I then used the paradigm of self-organization through stigmergy to explain how open access development can be efficiently coordinated. Thanks to websites listing “workin-progress”, people willing to contribute to the collective development of an information product are efficiently directed to the tasks where their contribution is most likely to be fruitful. This obviates the need both for centralized planning and control, and for the “invisible hand” of the market matching supply to demand.

These innovations appear fundamental enough to revolutionize our socio-economic system (cf. Weber, 2004), offering high hopes for the future, e.g. in stimulating innovation, education, democratization, and economic development. While openaccess distribution is not applicable to material resources, their cost as a fraction of the total economic cost of any good or service is becoming progressively smaller in a society that is ever more heavily dependent on information. Therefore, it could be theoretically envisaged that most economic value would eventually be produced under an open-access system. To make such a scenario less speculative, we will first need to investigate the complex issue of information production that requires considerable material investment, such as pharmaceutical research with its expensive equipment, where patents and other ways of “closing off” information are rife. The issue becomes less daunting, though, if we remember that this kind of research mostly builds on publicly funded (and thus normally open access) work.
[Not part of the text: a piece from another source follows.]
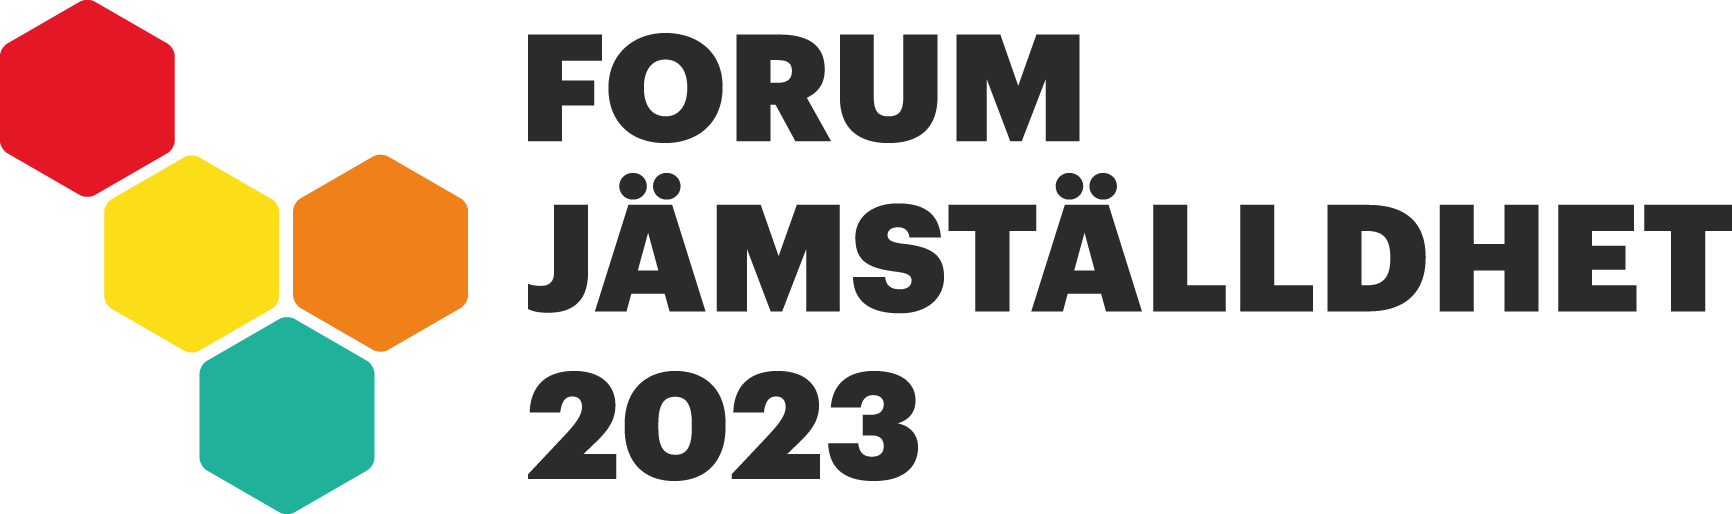 Forum 2023 sv kopiera

To be able to fully compete with the established market-based system, moreover, the still very young open access movement will need to further learn from its experiences, addressing its remaining weaknesses and building further on its strengths. This will in particular require developing better standards and rules, and more powerful software solutions for harnessing stigmergy and allocating recognition and feedback—the main drivers behind the success of open access according to the present analysis.

For example, in the Wikipedia system—which otherwise keeps a very detailed track of all changes made to all documents by all users—it is impossible at present to get an overview of how much a particular user has contributed to the system. Given Wikipedia’s versioning system, it should be possible to measure how much of the text11 entered by a given user survives in the present state of the encyclopedia. This would provide a useful measure of both the quantity and the quality of that author’s contributions, thus establishing a benchmark by which to measure expertise and activity level. Similarly, more advanced algorithms (e.g. inspired by Google’s PageRank or Hebbian learning, Heylighen, 1999) could be implemented to organize and prioritize tasks. Such intelligent methods for coordinating distributed information production could turn the World-Wide Web from merely a collective memory or shared workspace into a true “Global Brain” for humanity, that would be able to efficiently solve any problem, however complex (Heylighen, 1999, 2004)."